[My last repost in this series and last post till next weekend — always a joy to share faith here and receive the depth of comments that stream in. Godspeed!]
Any religion concerned about the souls of people and not concerned with the slums that damn them, the economics that strangle them and the social conditions that imprison them is a molly coddle religion awaiting burial. — Martin Luther King
Between the years 2000 and 2001, I came to know a priest who was one of the most human people I have ever known. If I had to use one word to describe what stood out most in him, it would be “accessible.” Which is really another way of describing the quality of his fatherly heart. He was the kind of person everyone felt comfortable around. I grew quite close to him the time I was there and came to deeply appreciate his model of servant-leadership. He would always say that managing the administrative side of parish life was not his strong suit, but that he knew the best way to compensate for this deficit was to gather around him people who were good at it. Which, I said to him, was a sign to me that he was good at administration!
I was especially moved by his extreme generosity. Whenever people would give him money, gift cards to restaurants, food, he would almost always find a way to give it away to someone he knew would benefit from it. And very often he would find a way to do it anonymously, almost making a game out of it (which delighted him). His business manager shared with me confidentially that this priest would have him identify needy families in the parish and then anonymously pay for their utility bill out of the priest’s own private income.

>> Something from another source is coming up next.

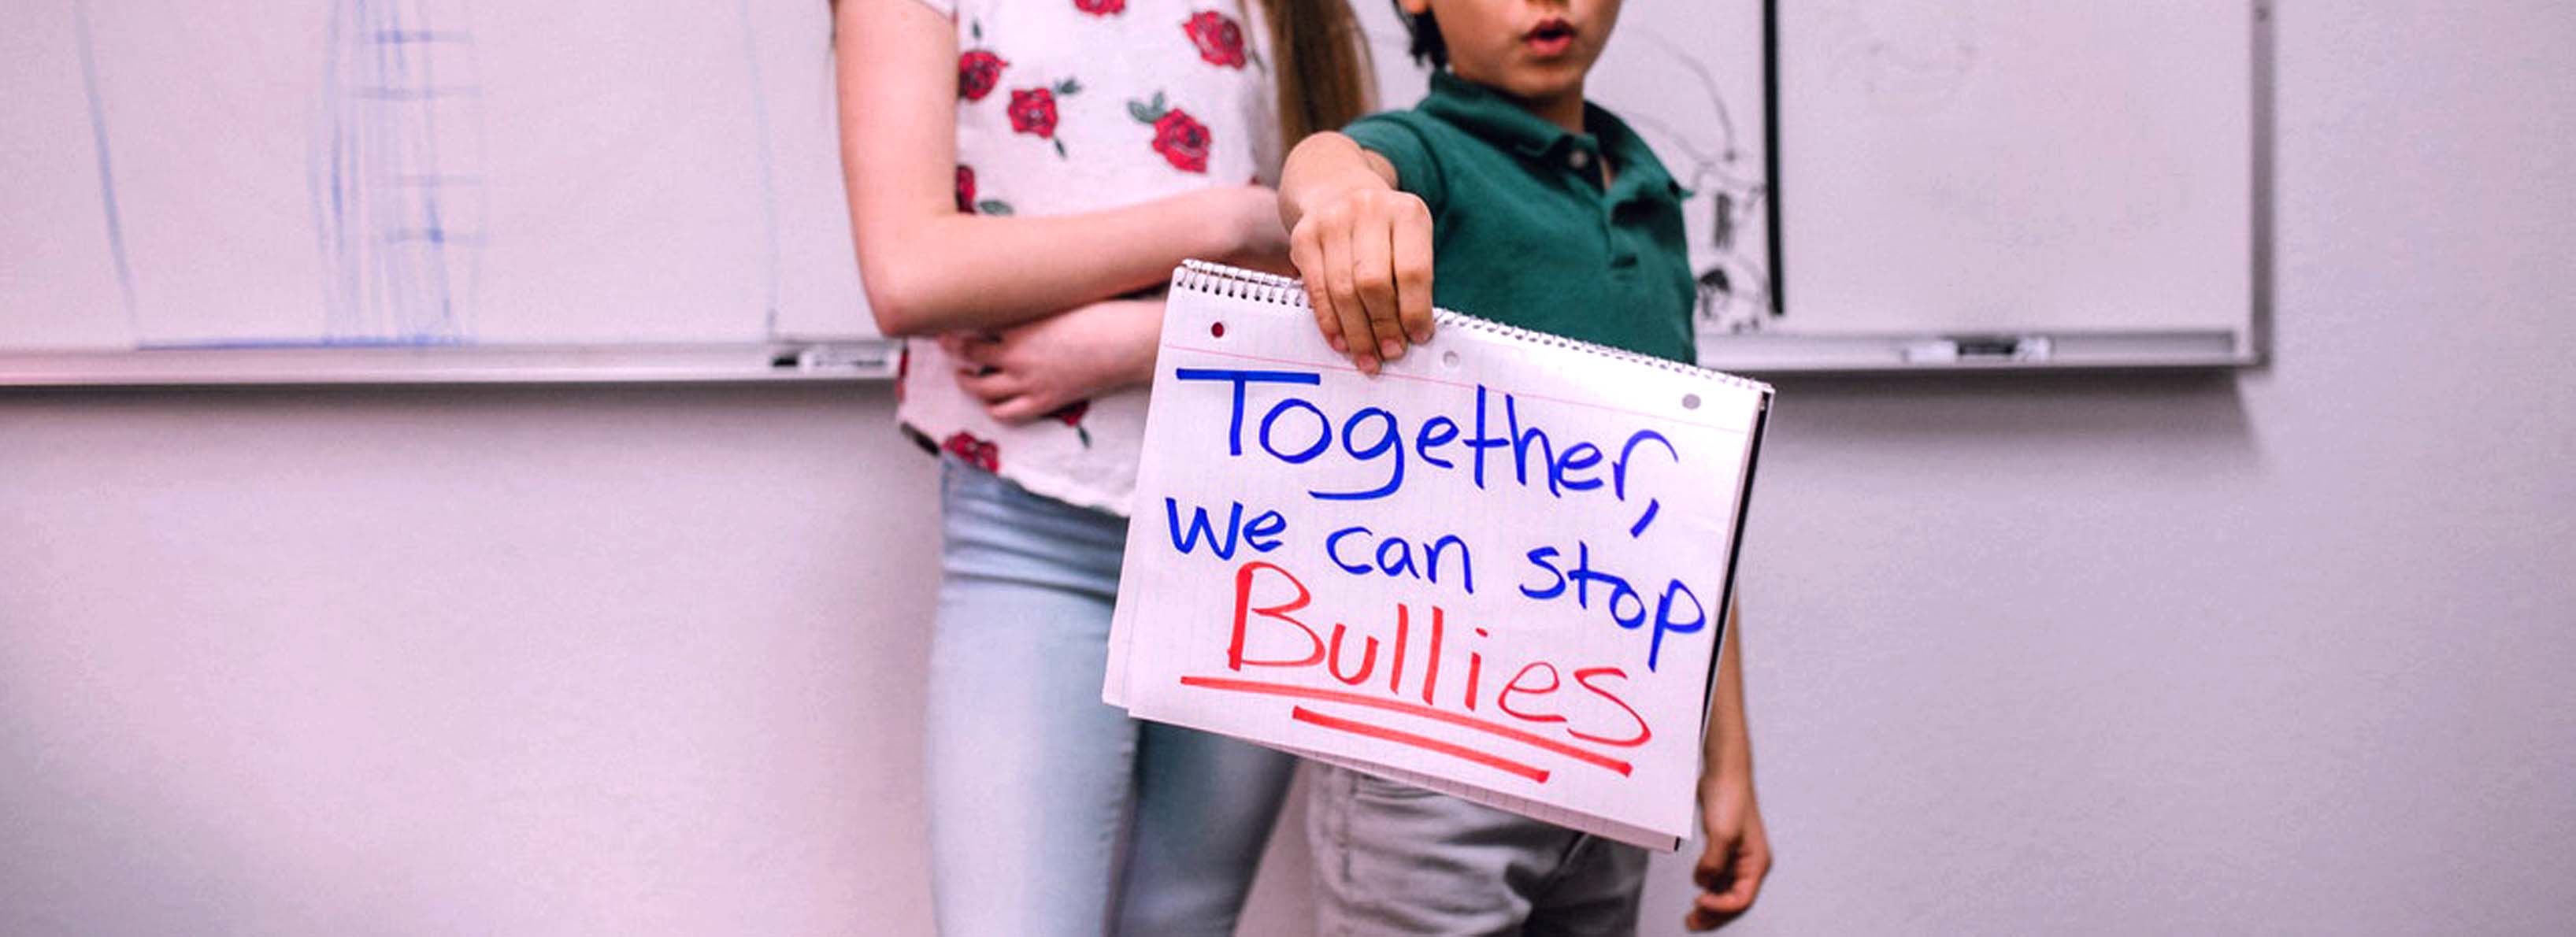 Boy holding a sign saying together we can stop bullies

He walked the streets of his parish territory daily for exercise, praying a rosary and stopping to chat with beggars and vagrants to see what their needs were. He was always in communication with Catholic Charities to see what could be done to give them a hand up, “and not just a hand out,” as he would say.
During that time, Patti and I were going through a very tense period regarding my decision to leave my job, as she and I did not see eye to eye. It was one of the most difficult times in our marriage. He took a long walk with me one day to help me process the situation, pray with me and give me wisdom. At the end of the walk, he prayed over me and then handed me a $100 bill, saying, “take her out to dinner and please don’t say it came from me.” I was overcome with emotion. He said, “This is why God called me to celibacy, so I can be freed up to do things like this; to be free for you and Patti. I’m alone so that I can be with you. And with them [pointing to the people on the streets].”

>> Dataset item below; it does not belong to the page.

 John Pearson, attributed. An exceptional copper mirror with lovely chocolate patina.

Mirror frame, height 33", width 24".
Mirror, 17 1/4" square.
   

That dinner conversation Patti and I had was a breakthrough for us, and I am convinced that his act of sacrificial love had entered our marriage that day and opened between us a space of grace and freedom. That is the paternal genius of ministerial priesthood when it’s placed in service to marriage and family life. To the lonely and alone.
He made, makes me want to be great.
Thank you God for those men you call to be priests, giving their lives for us as fathers walking with us.